How to Get What You Want in Life/Finding my Purpose
My name is Jessica. I am a 25 year old recent college grad from Arkansas. Since my graduation, I have been working as a secretary for a local church. This isn't exactly what I had in mind for my first "real" job, but, with the tough economy, it was literally the only thing I could find.
Despite having a job, a nice family and group of friends who support me, and a generally "good" life, I feel like something is missing. Inside, I have always felt I was meant to do something, but I have been unable to discern what it is I am supposed to do with my life.
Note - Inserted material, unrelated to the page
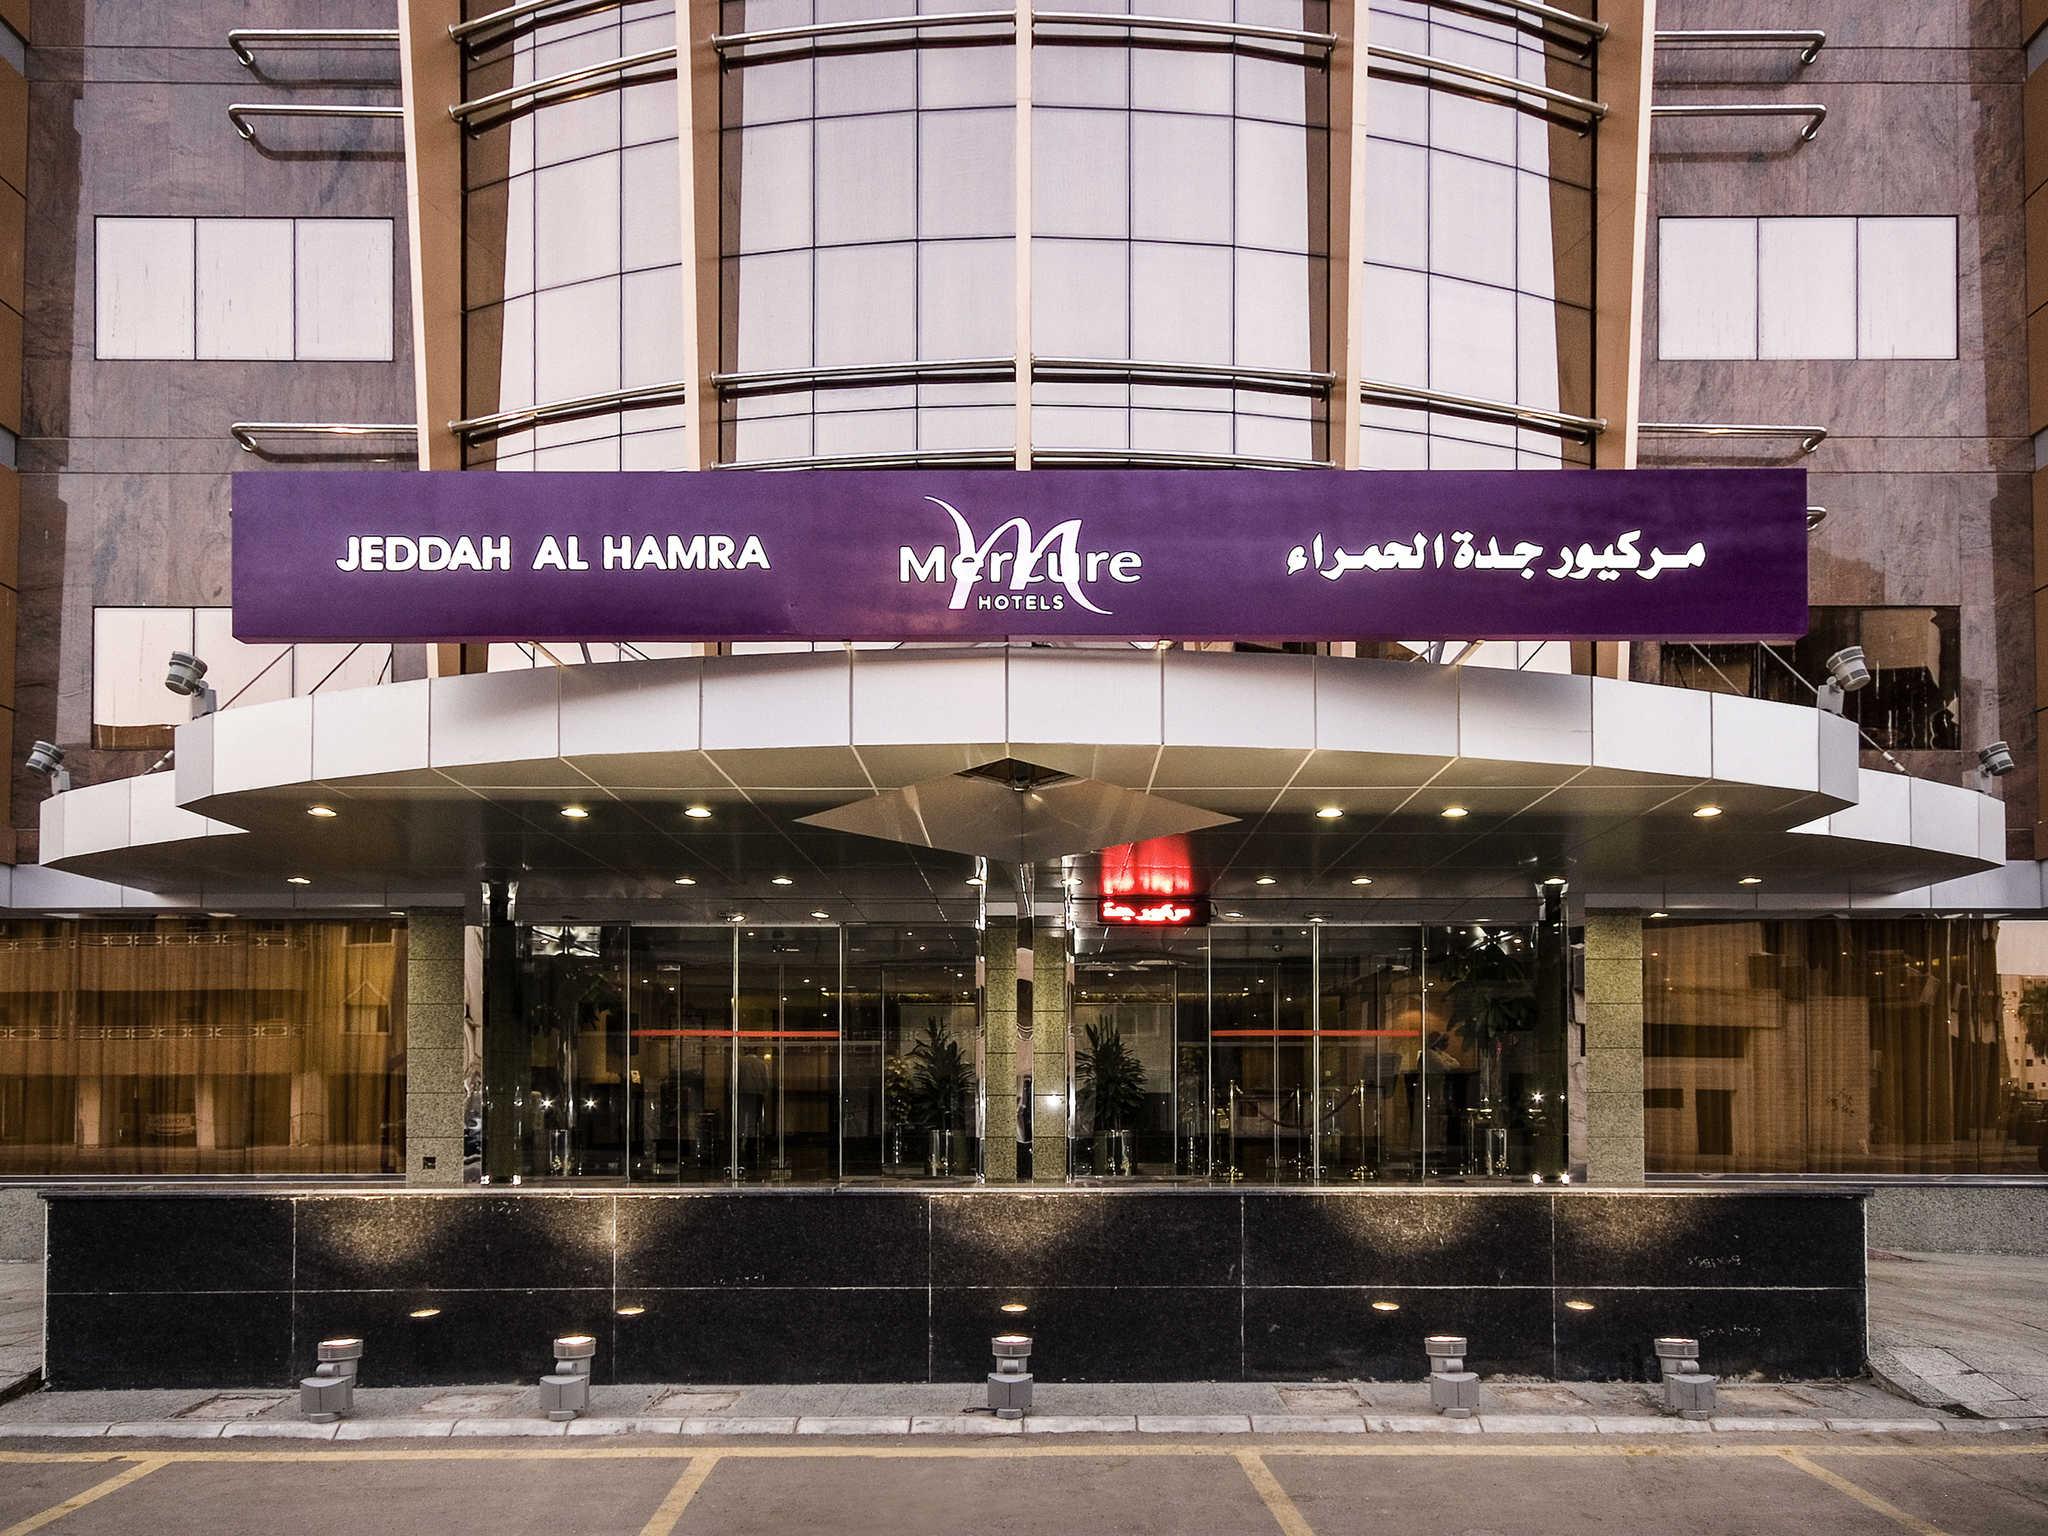 酒店 – 吉达阿尔哈姆拉美居酒店

This intense feeling of not being complete (for lack of a better word) is very bothersome and makes me feel trapped. I then get in a cycle of feeling guilty for wanting more, when my life is already so blessed. I often begin to worry that this feeling of wanting more is just myself being narcissistic.
How do I find what's missing? How can I find my true purpose?
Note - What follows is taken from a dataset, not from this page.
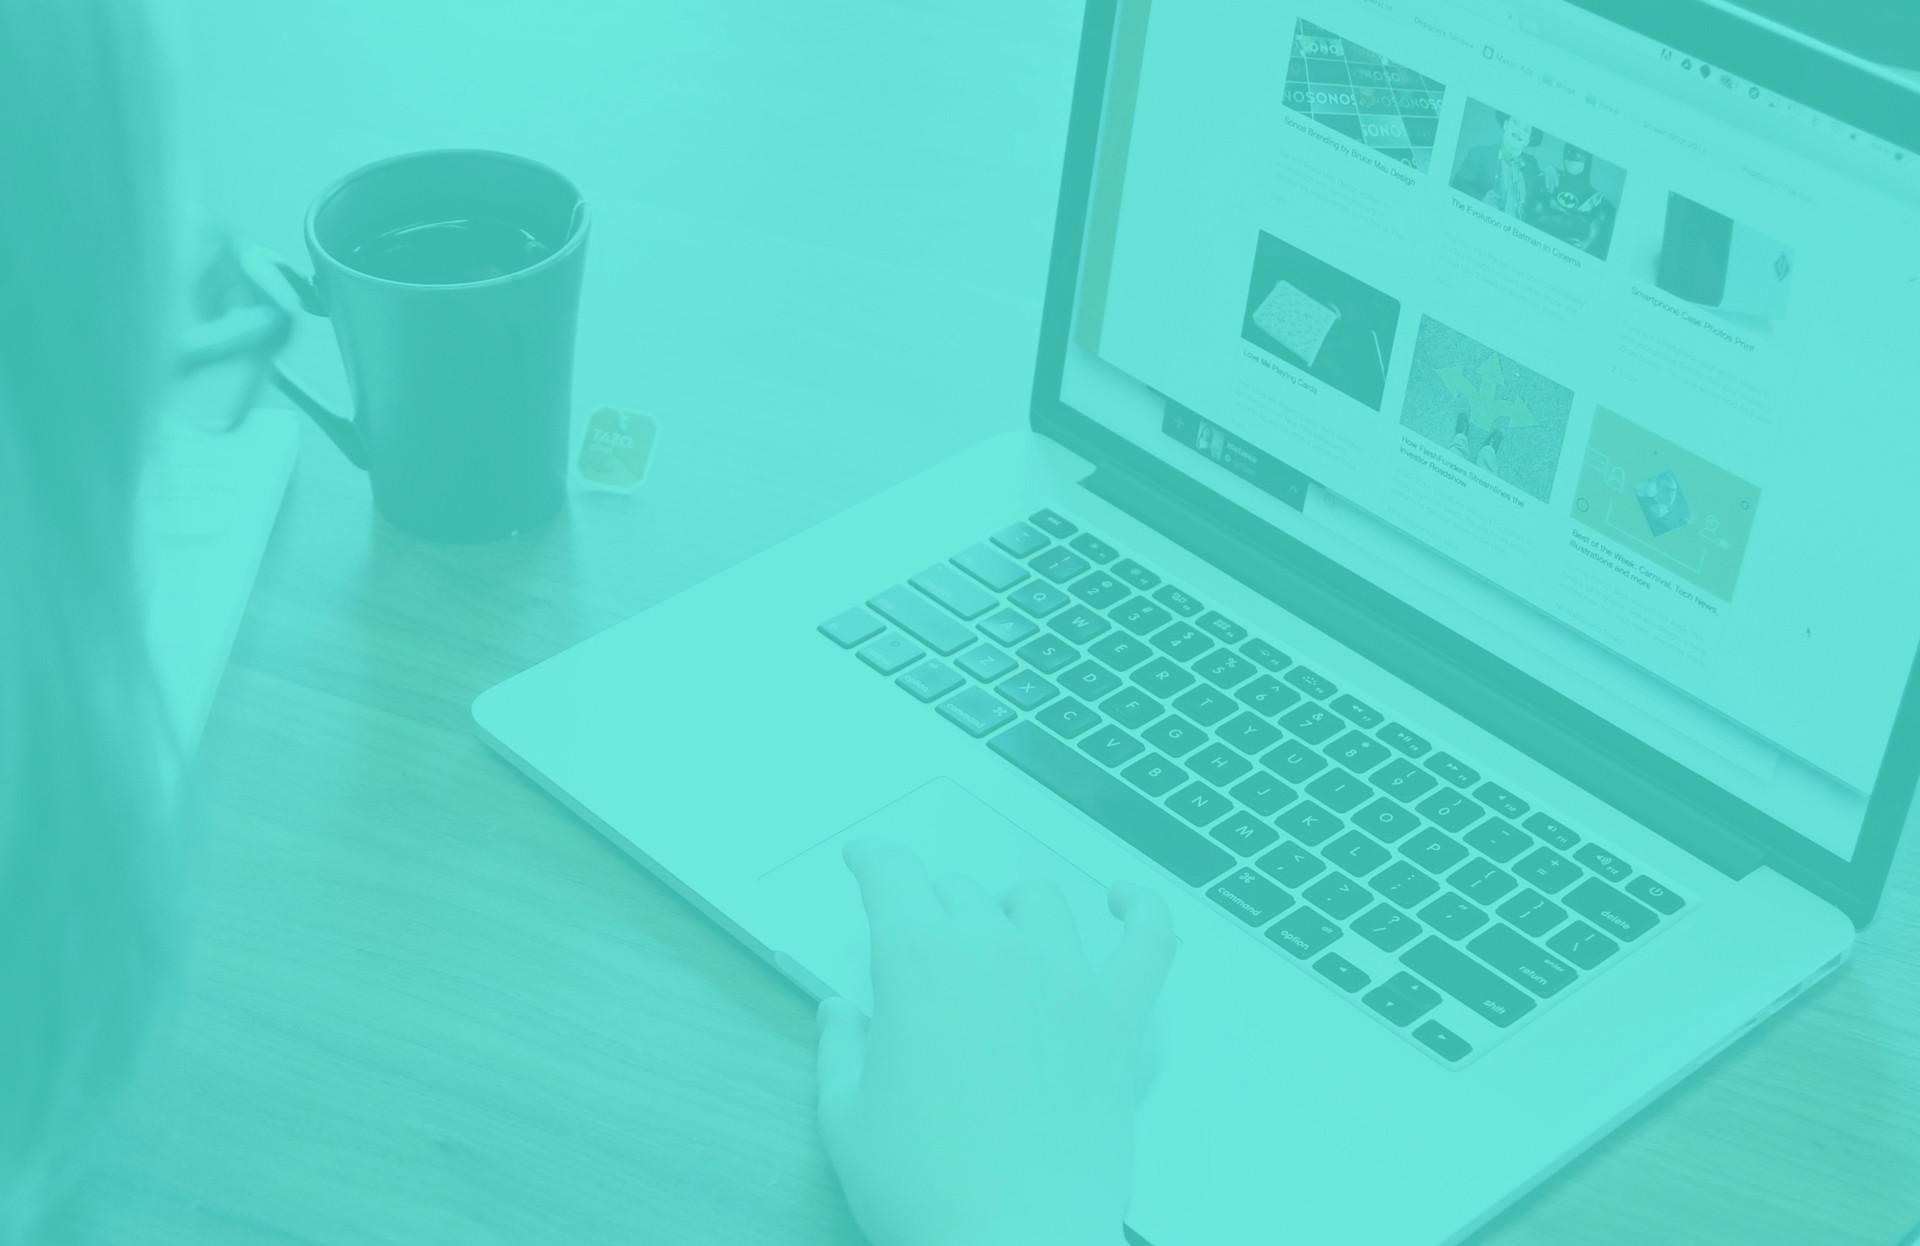 Optimizing Existing Website

I would greatly appreciate your feedback on the matter. Thanks so much!
Jessica, it would be wonderful if I could give you a clear instruction in a sentence or two that would fill in what you say is missing, and what is your true purpose... but (you knew that was coming) I am not able to do that.
What I offer instead are some suggestions that could help you clarify what may be missing, and lead you closer to a purpose. That being said, I suggest you consider that you may have more than one purpose and even when you find one of them, you will be led toward another and another. That is my experience anyway. I knew very clearly at 13 a purpose and by 17 I had attained it, and was led on to more. I lost my way a couple of times, and found a way to refocus etc. I simply point this out so that you consider accepting that it's unlikely there's a 'magic switch' to flick and instantly be where and who you want to be.
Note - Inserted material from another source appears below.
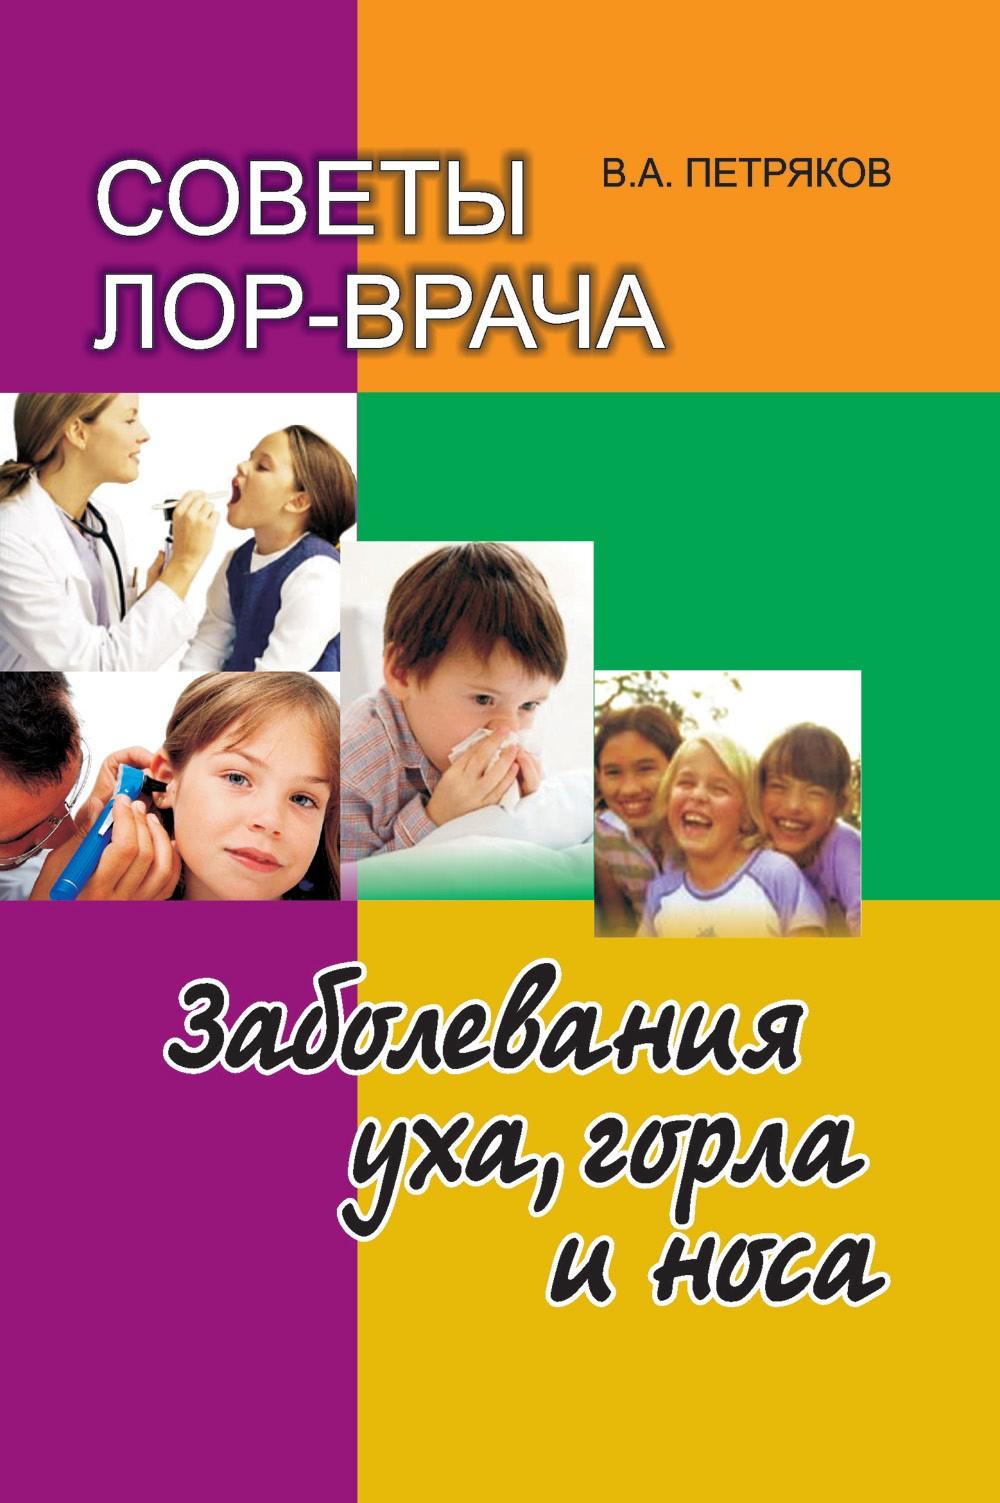 В. А. Петряков Советы лор-врача. Заболевания уха, горла и носа цены

Anyway, here are some techniques that may be useful, and questions you can ask yourself:
1) The feeling that you are meant to do something can be quite useful. Find a place and time where you may sit quietly and focus on this feeling, bringing it to your consciousness. By being conscious of the feeling you allow inklings or faint stirrings of clarity to show up. When you do this I suspect you will find a bunch of yabuts come along too. (i.e. Ya, but... I'd have to move. Ya, but... I'm not educated enough. Ya, but... my parents/friends/partner/community won't approve. Ya, but... it would be scary to be/do that. Ya, but... I don't have enough money.) Get the idea?
2) When the yabuts come up, gently acknowledge them one at a time with some kind of phrase/statement such as "Thank you for bringing that up. I know you are trying to help me. I appreciate your concern, but I am going to put that aside for the time being. Right now I am just going for clarity, I'm choosing not to deal with obstacles. I'll get back to you."
3) When you have handled the yabuts and set them aside, ask yourself "Are any of these concerns enough to keep me from being/doing what I know is my path?" (Ask this question even if you don't quite know your path, the answer may very well help anyway.) If the answer is "no" then you can begin to direct our thoughts and actions toward your path. If the answer is "Yes, this will stop me."
You have more work to do.
4) Keep in mind, for the moment you are simply communicating with yourself. I find that acting like I am actually having a conversation I with me, does work and tends to bring more clarity. If you get the answer "Yes, this will stop me."
it is time for you to work on what is not absolutely clear to you, what you have not yet resolved, or handled in your life, either internally or externally. An unresolved issue can/will keep you stuck.
5) The truth is, for most of us, this can be scary to do... but you must be really honest with yourself about what it is that stops you, and what drives you. You are not working with just a wish (Oh, I wish I could find a charming prince and live happily ever after). It must be a real purpose, with real energy, real honesty. Something you are willing to take action about, even if you think it will be uncomfortable or scary. When you choose to be honest with yourself you will find uncomfortable, scary, and not nice things come up. This is where your feeling of not being complete is coming from. That is what makes the trap you feel, and the guilt for wanting more. It is easy to dismiss this stuff as selfishness or narcissism, because that is easier than dealing with the uncomfortable, scary, or not-nice things about yourself. Being guilty about narcissism or selfishness is wasted energy, because regardless of how bad you can make yourself feel, that energy will never bring you to what is missing, or your path or your purpose.
No one else can find your true purpose for you. Some coaching and exploring with another trusted person can certainly be helpful and even fun, but only you will "know" when you are on your way to fulfillment and purpose. Hope this was helpful.